We only have $d-1 = 1$ when $d=2$.   
And the term $\mathbf h$ in $(1)$ cannot supply the missing degrees of freedom, because the space of harmonic functions is relatively tiny (compared to all smooth functions). To be precise, recall that a harmonic function is determined by its values on any open set. So, if we have a decomposition $(1)$ for two smooth fields $\mathbf w$, and then join those functions using a smooth partition of unity, the conclusion is that the same $\mathbf h$ must work for both functions.
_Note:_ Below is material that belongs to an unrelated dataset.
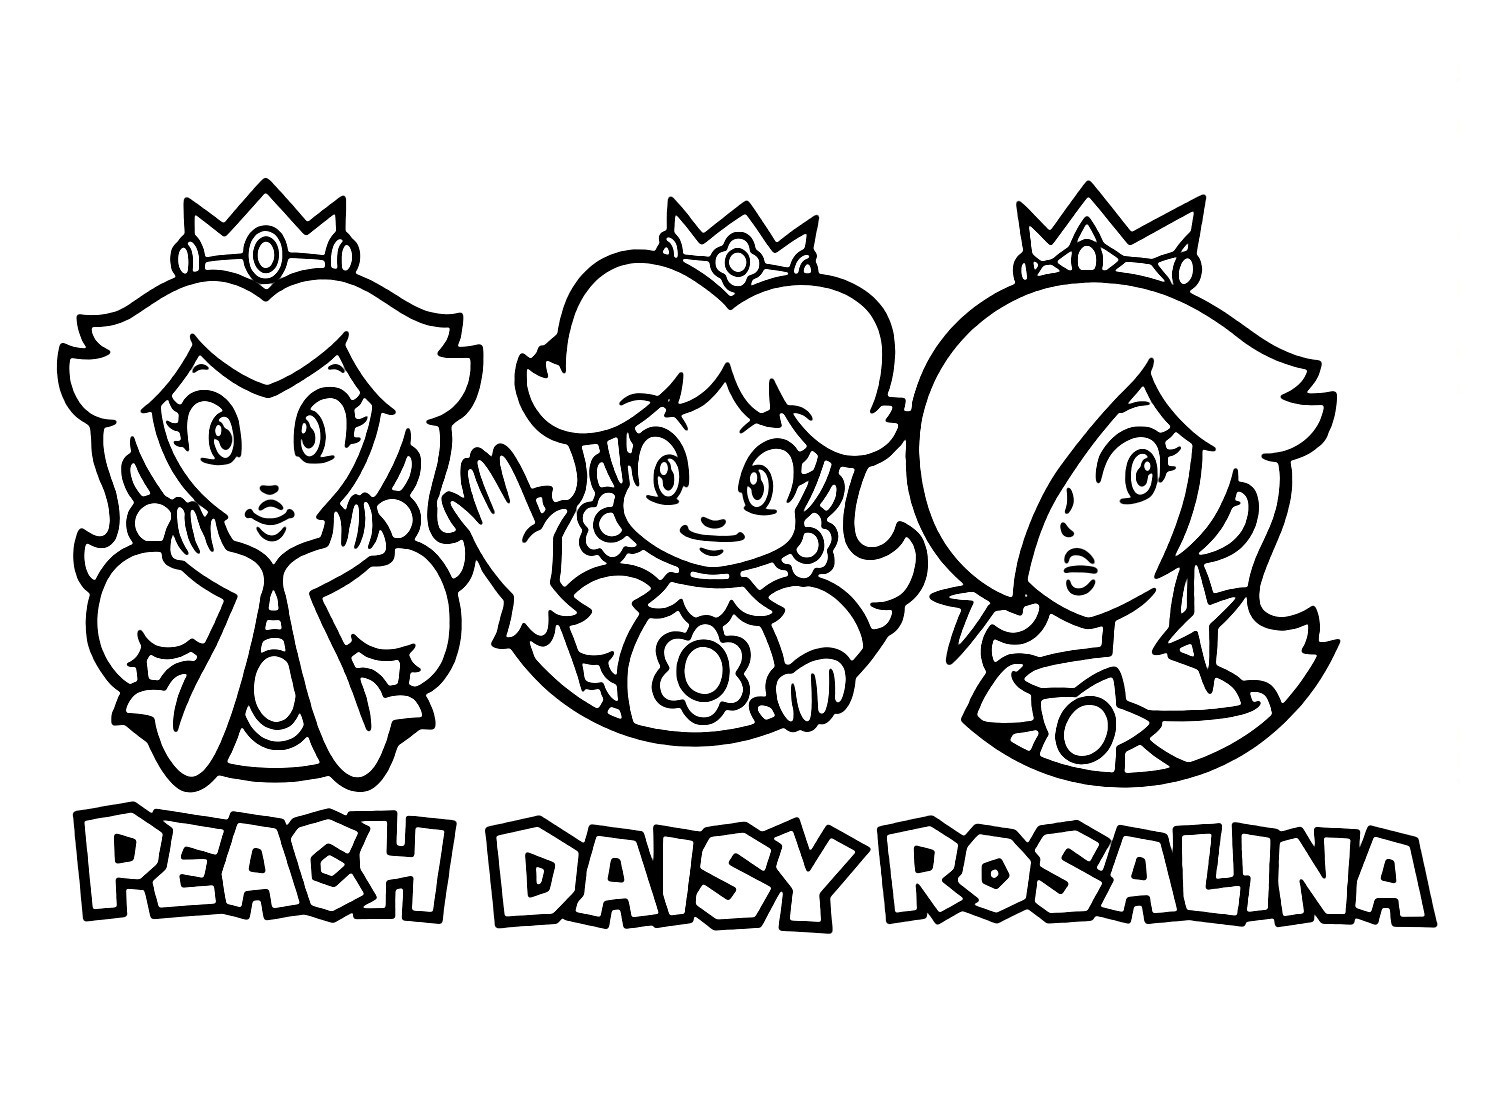 Princesa Peach, Daisy, Rosalina de Princesa Daisy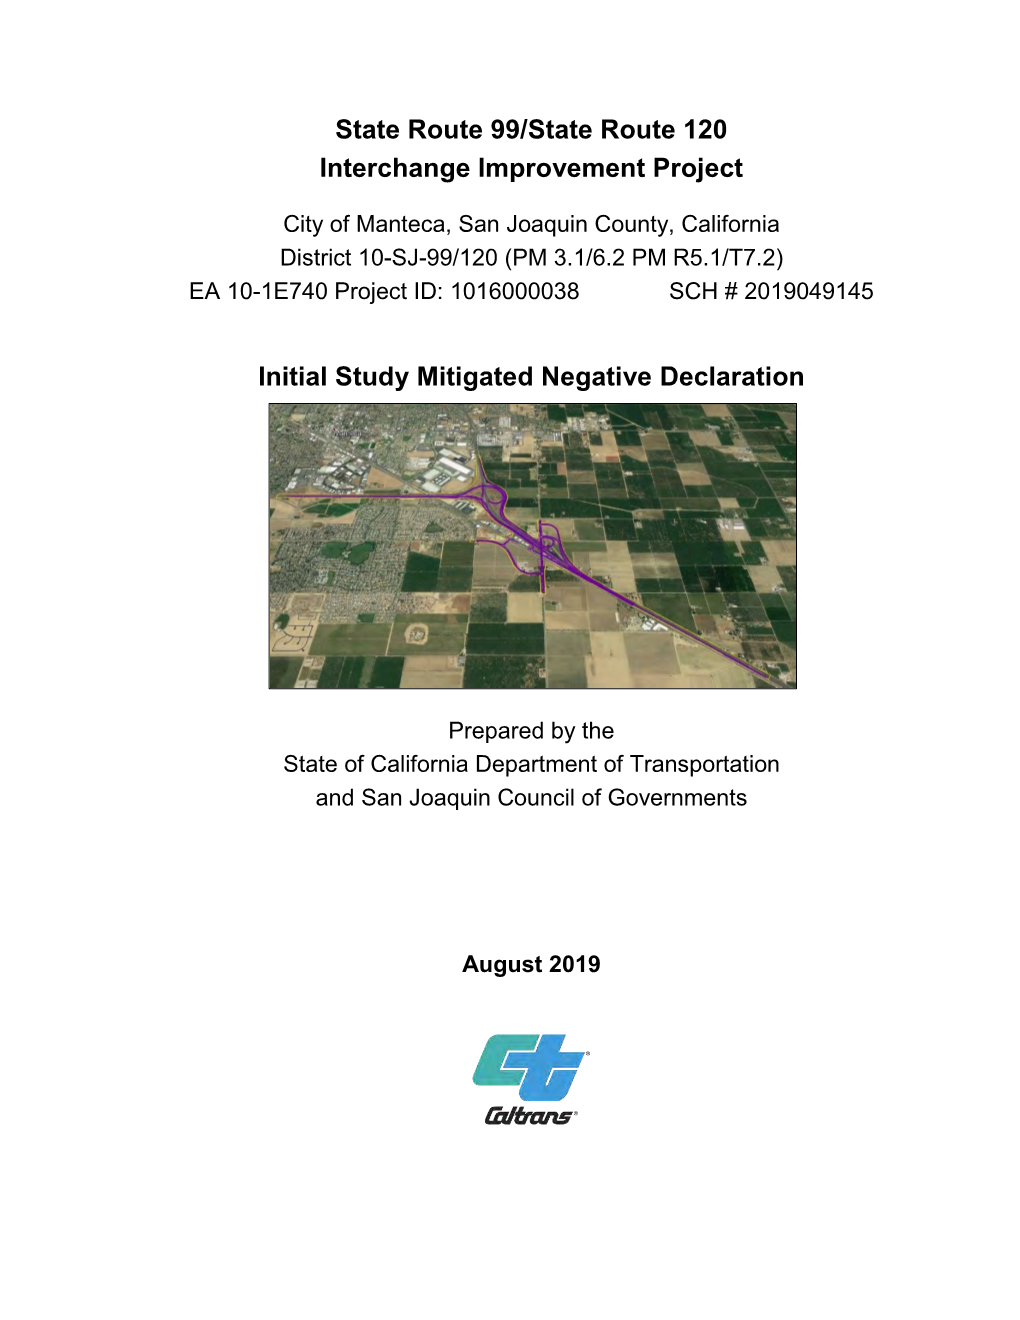 SR 99 and SR 120 Interchange Improvements Initial Study

So there are no extra degrees of freedom coming from $\mathbf h$. 
Compare with the  Helmholtz decomposition where we get, for a given field ($d$ arbitrary functions) two vector fields, one conservative ($1$ degree of freedom) and one solenoidal ($d-1$ degrees of freedom). There can also be a harmonic component there, but it's a minor part.